STORED DATA below:

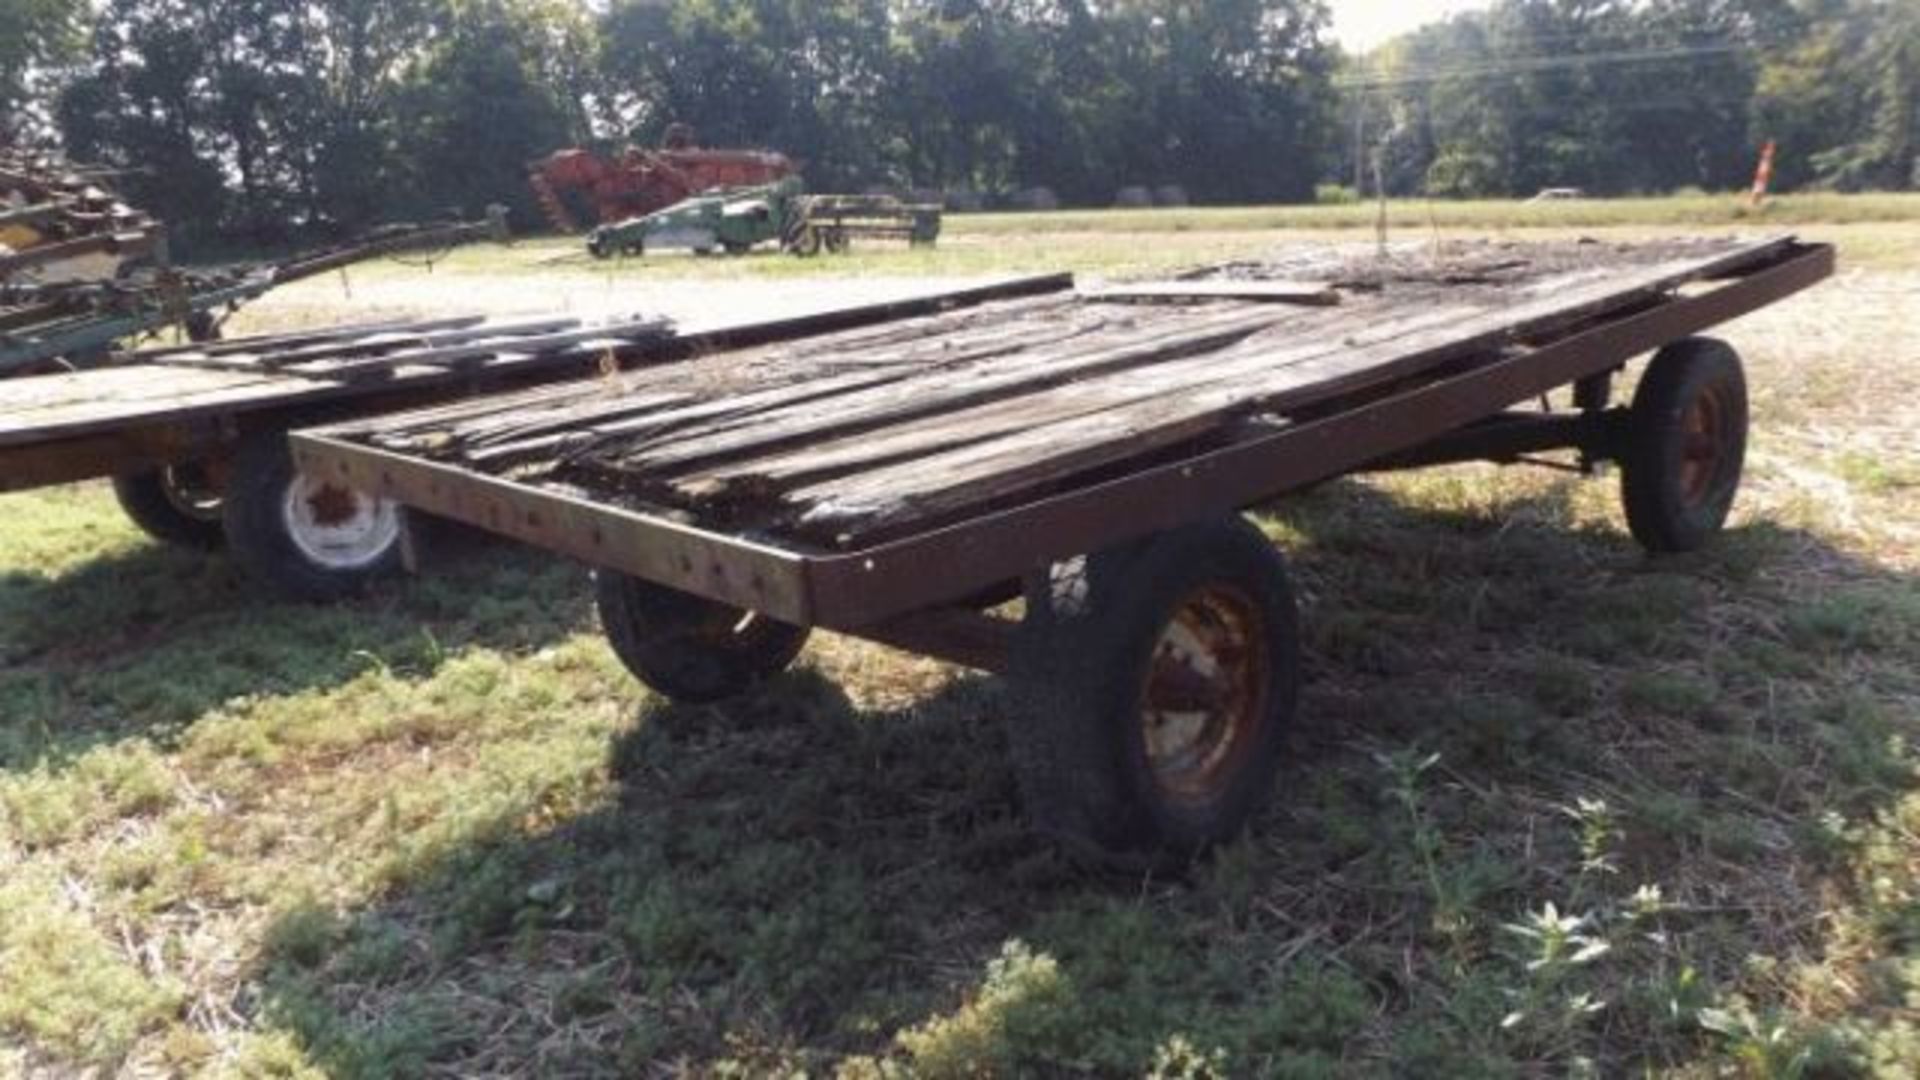 Lot 430 7'x14' Wagon w/JD Running Gear and Hoist - Image 2 of 2
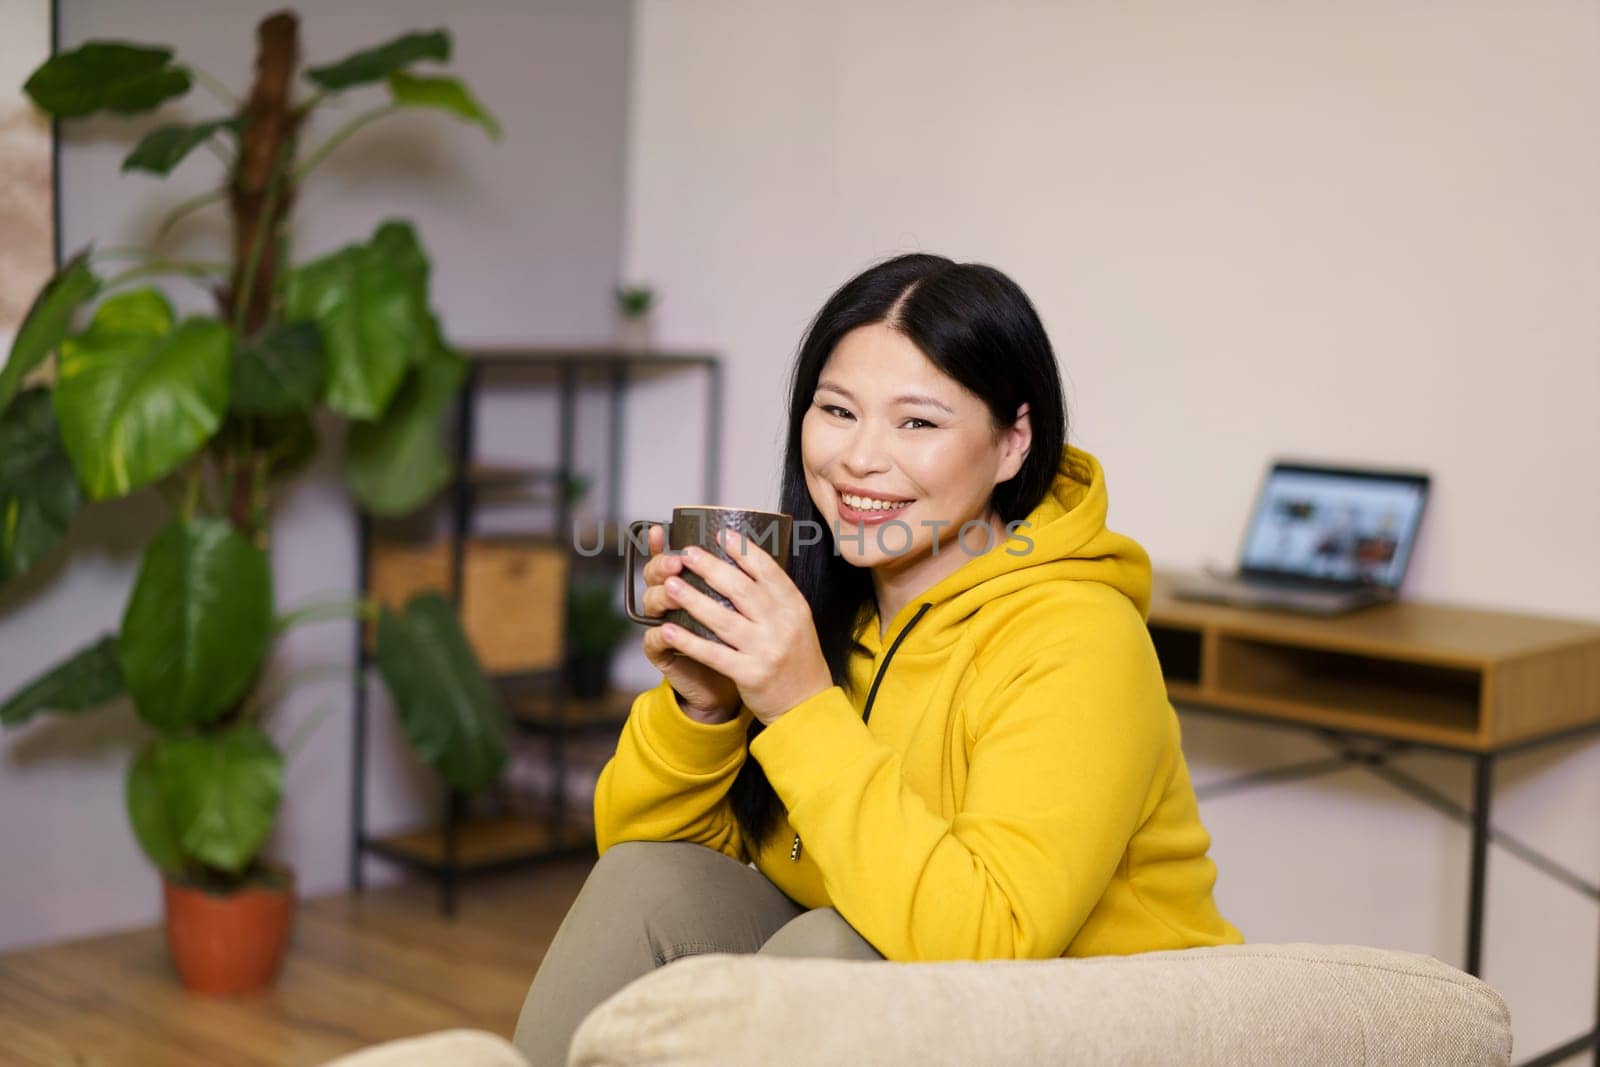 Cute Asian woman takes break from her online work at home to enjoy a soothing cup of tea. The image captures the balance of work and leisure in her comfortable indoor space, surrounded by the calm and serenity of nature. by LipikStockMedia
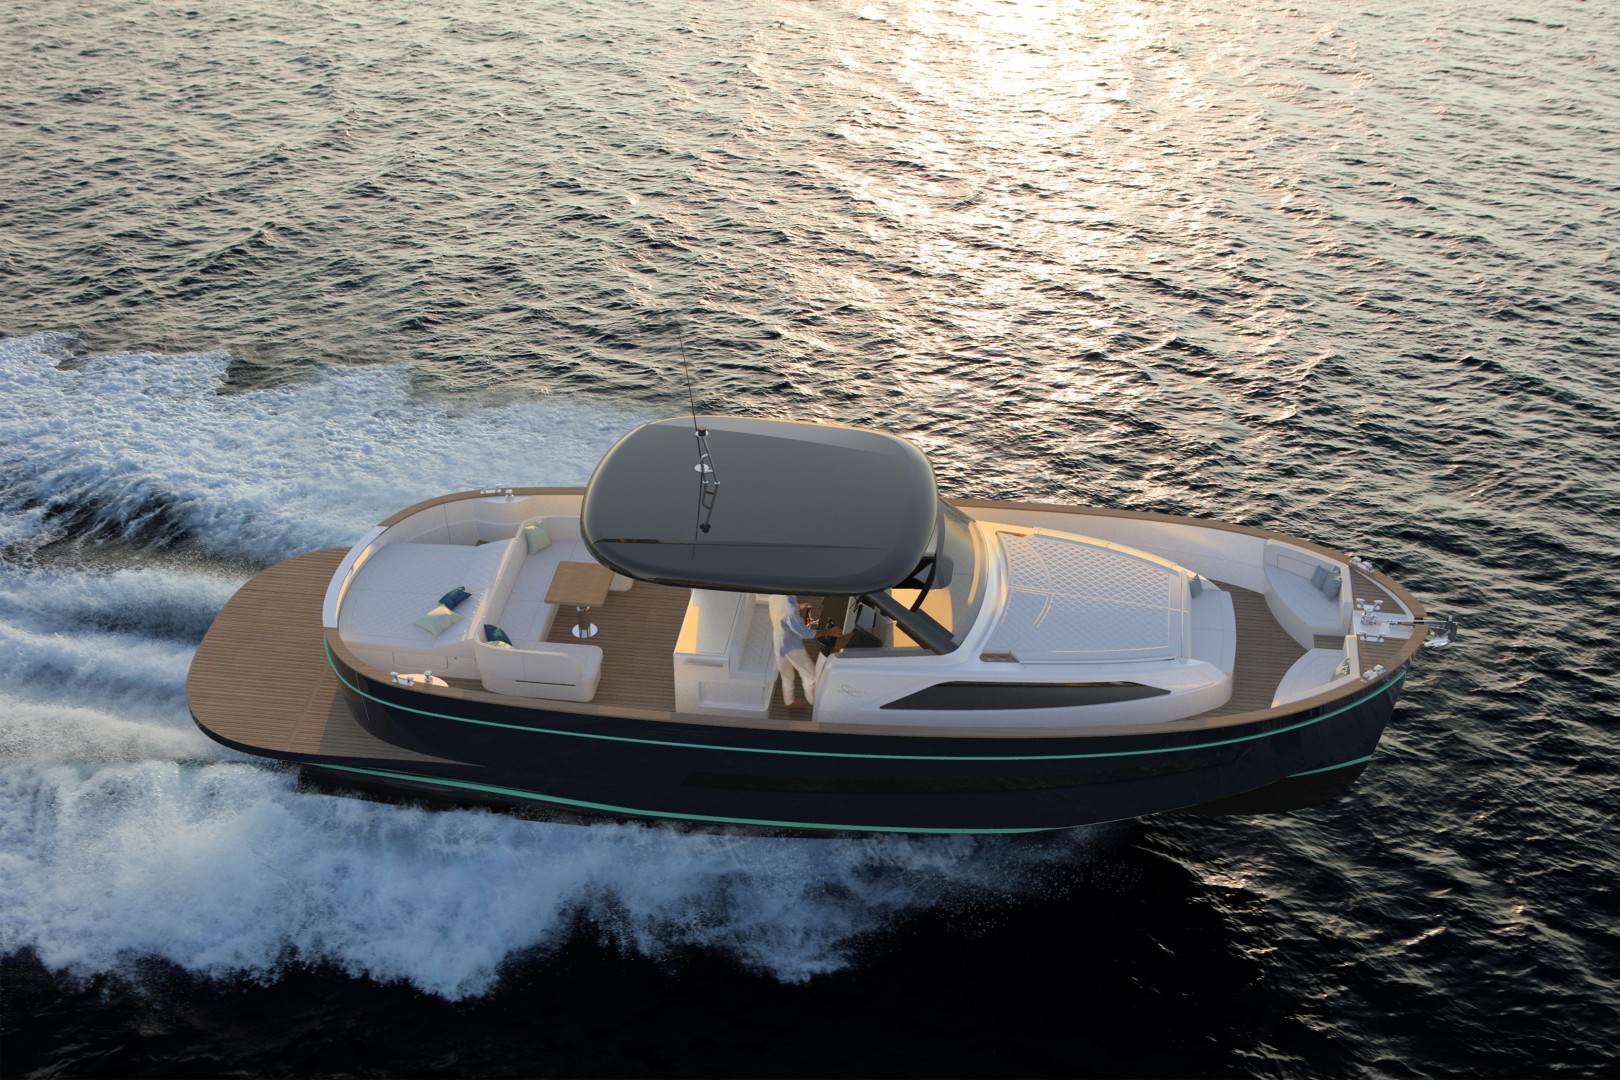 Apreamare with the new Gozzo 45 at the Cannes Yachting Festival

End of STORED DATA.

**REQUIRED ACTION**:
Every line of the data is to be transcribed exactly, and no picture is to be included.

**COMPLETED EXERCISE**:
 Lot 430 7'x14' Wagon w/JD Running Gear and Hoist - Image 2 of 2
 Cute Asian woman takes break from her online work at home to enjoy a soothing cup of tea. The image captures the balance of work and leisure in her comfortable indoor space, surrounded by the calm and serenity of nature. by LipikStockMedia
 Apreamare with the new Gozzo 45 at the Cannes Yachting Festival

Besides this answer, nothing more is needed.